= A Subway Named Mobius =

1950 short story by Armin Joseph Deutsch

"A Subway Named Mobius" is a 1950 science fiction short story by American astronomer Armin Joseph Deutsch. Originally published in Astounding Science Fiction, it imagines the results of increasing the complexity of the Boston MTA system (now the MBTA) with a new interconnection. It has been collected in anthologies since its original publication, and was nominated for a Retro Hugo Award in 2001, placing fourth in the final vote.

==Plot==
Shortly after the opening of a new track known as the Boylston Shuttle, Boston MTA train No. 86 goes missing. Whyte, the manager of the system, cannot explain its disappearance nor account for the fact that the system acts as though it was still there, drawing power and causing signals to operate automatically, sometimes miles apart.

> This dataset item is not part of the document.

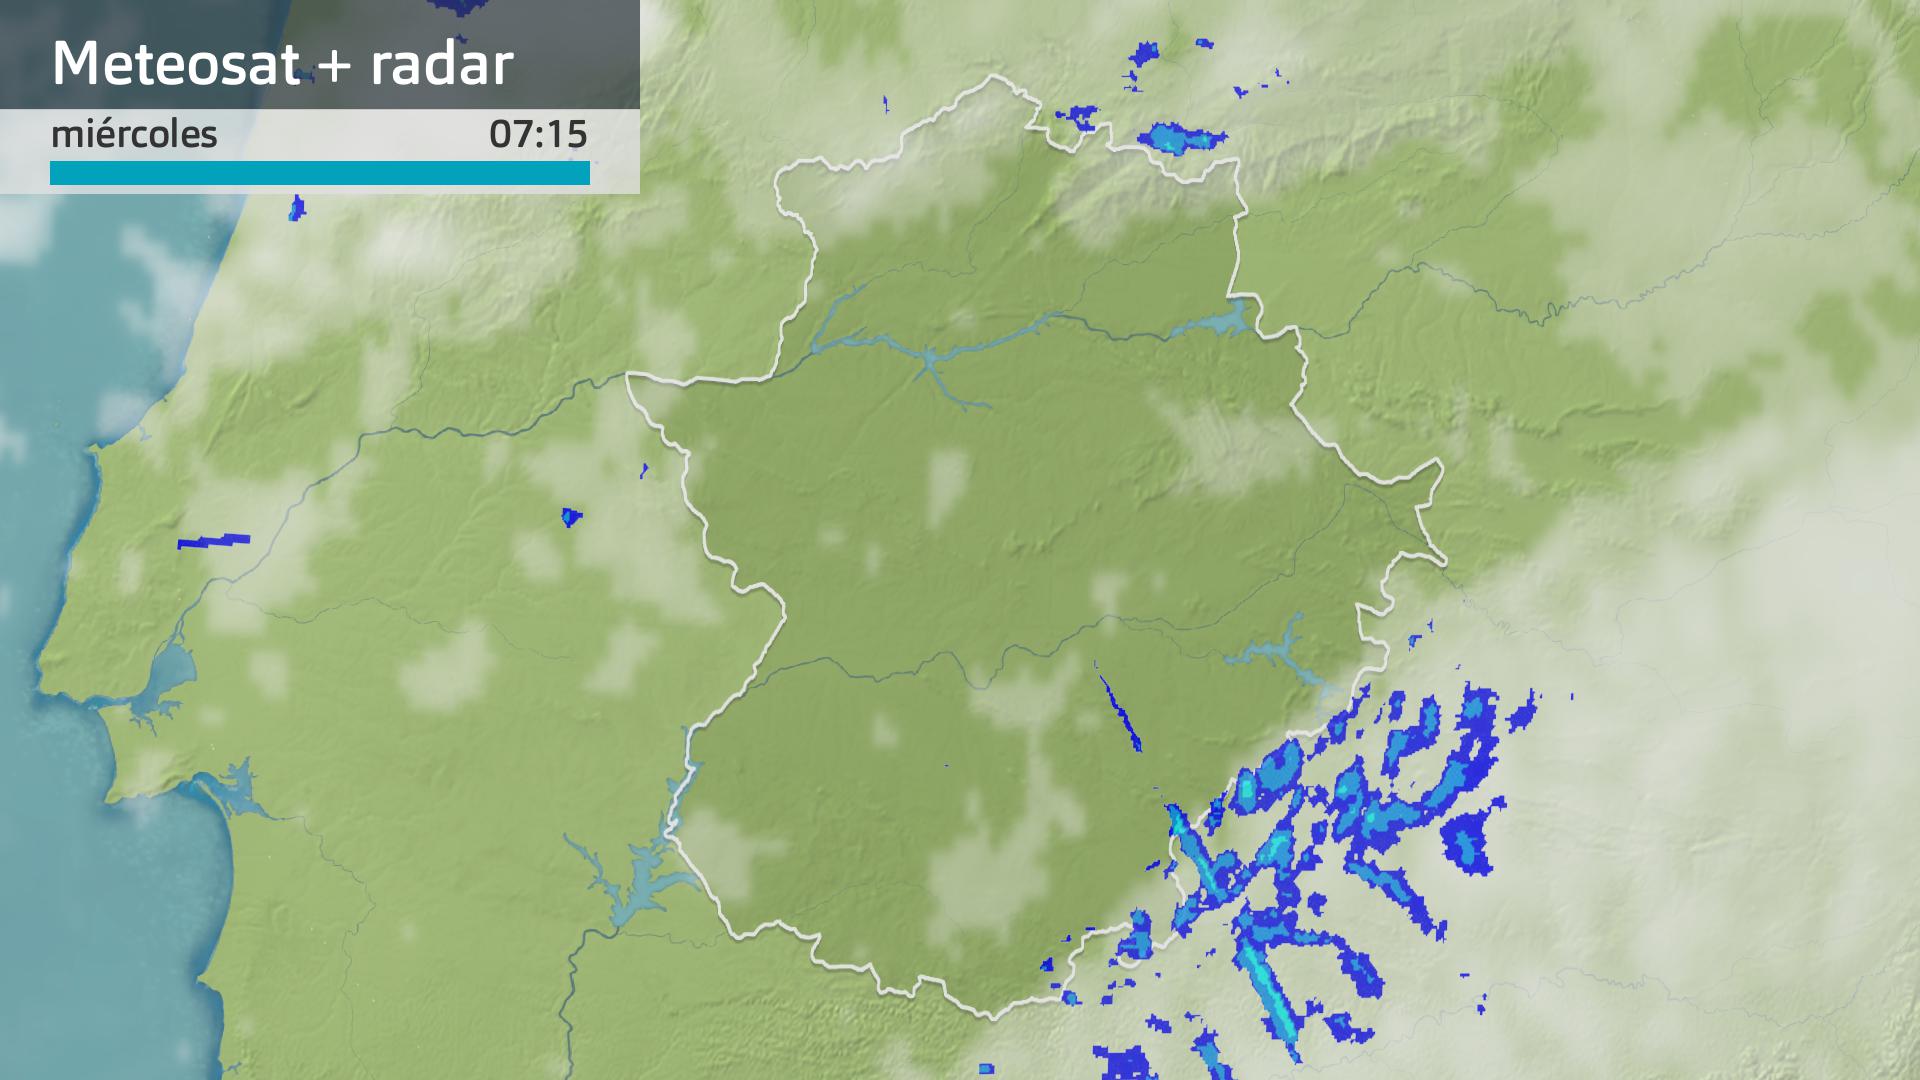 Imagen del Meteosat + radar meteorológico miércoles 1 de may0 7:15 h.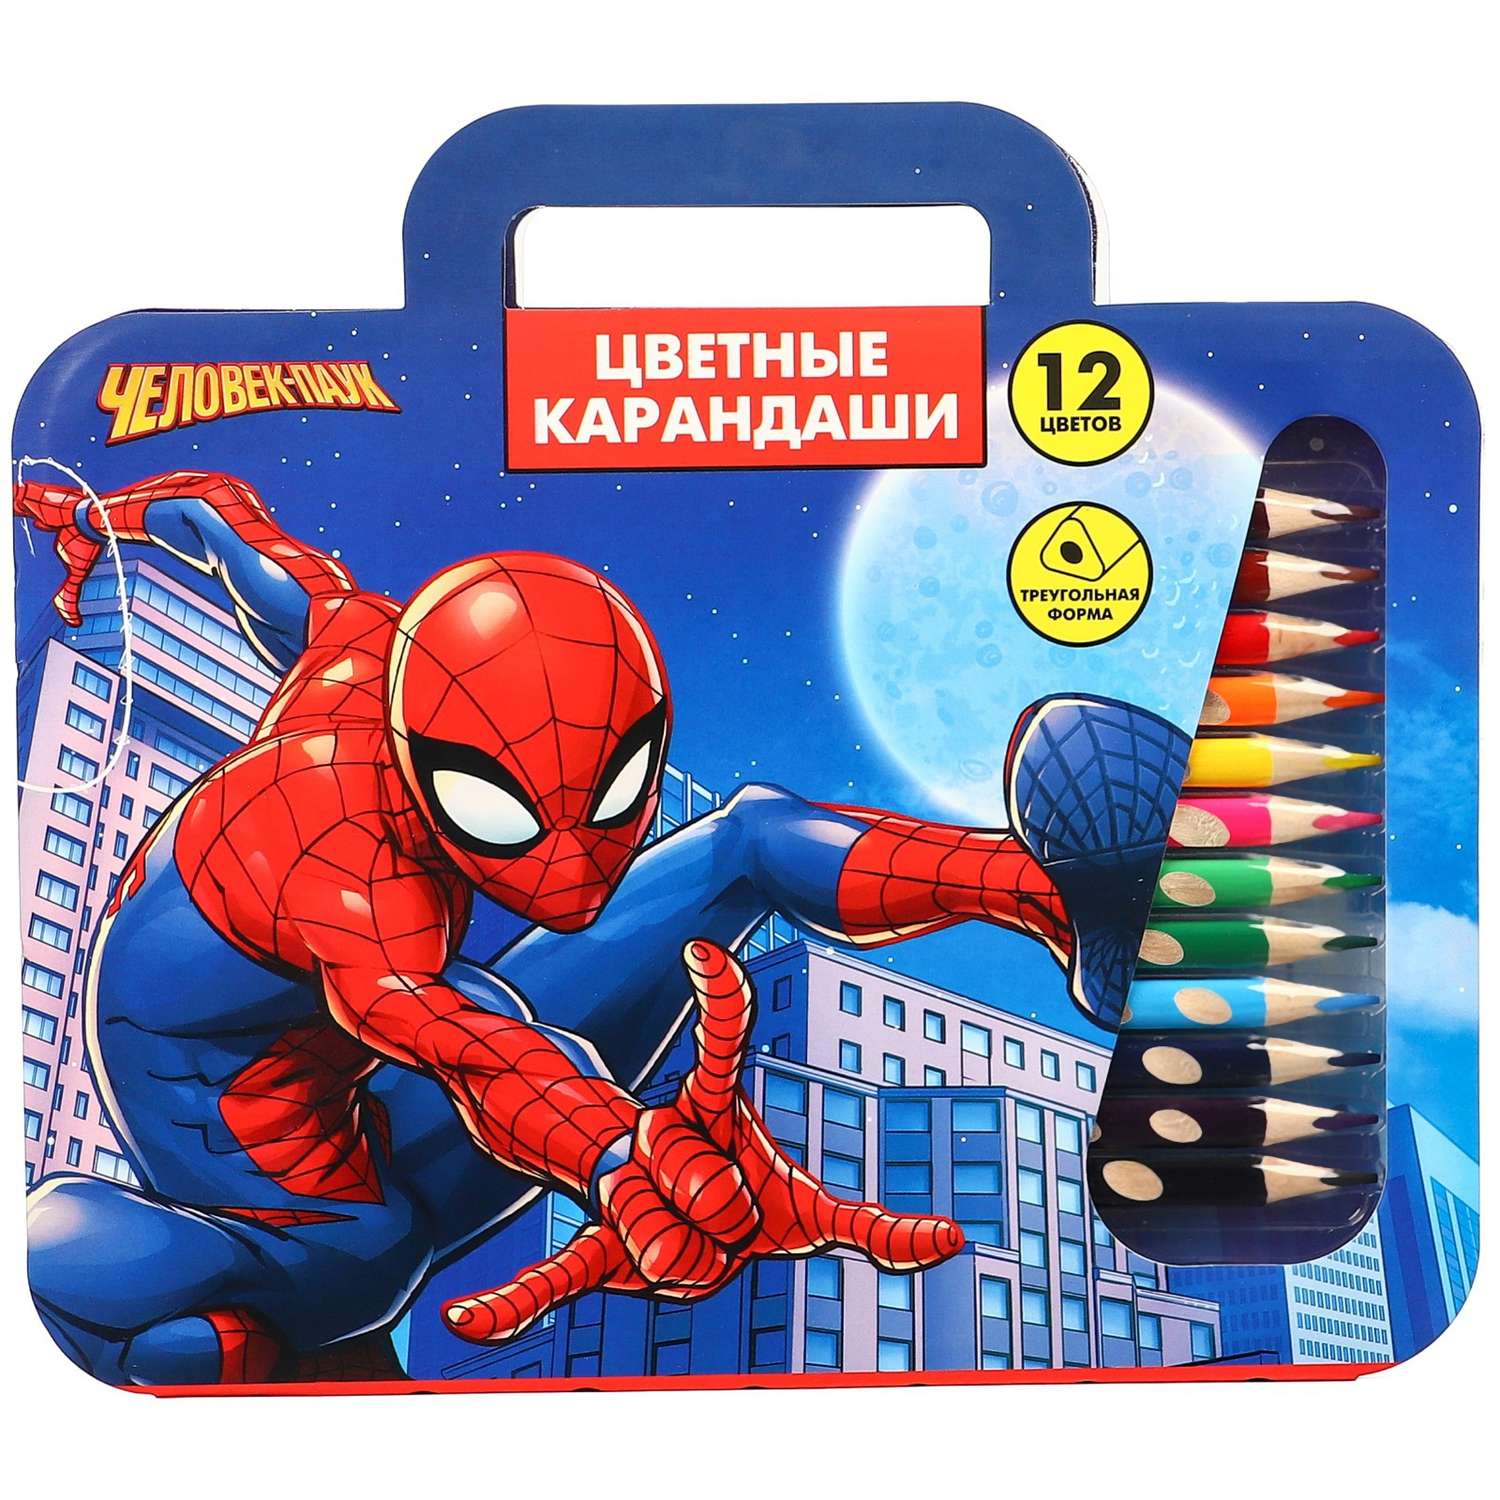 Карандаши Marvel цветные 12 цветов в пенале «Супер-мен» Человек-паук - фото 8

It falls to mathematician Professor Roger Tupelo of Harvard to attempt an explanation. Though not a topologist himself, he believes that the new shuttle connection caused the topological complexity of the system to increase to the point where the connectivity became infinite. The train is now running in an extra dimension of space and time. Unfortunately the one mathematician who might understand the problem, Prof. Turnbull of MIT, cannot be located and was almost certainly on the train when it vanished.

Attempts to find the train are futile. Tupelo warns that closing the new shuttle will prevent the train from ever reappearing. Ten weeks pass by. Famous topologists are brought in to analyze the problem, but only manage to disagree with each other. The city prepares to defend multiple lawsuits and deal with investigations by the Federal government.

One day, after cautiously resuming using the MTA himself, Tupelo realizes he is on the missing train and that no time has passed for the passengers. Stopping the train in a tunnel, he tells the driver to get him to a phone so he can contact Whyte. However it is too late. Another train has already vanished.

==Publication history==
"A Subway Named Mobius" first appeared in Astounding Science Fiction in December 1950. It was first anthologized in 1952, and was republished as "Non-Stop" in Argosy in the UK in 1953. In 2001 it was nominated for a Retro Hugo Award, placing 4th.

==Topology==

The story's title refers to the Möbius strip, and the story also mentions a Klein bottle.

==Adaptations==
The story was the basis of the 1996 Argentine film Moebius, with the setting changed to Buenos Aires.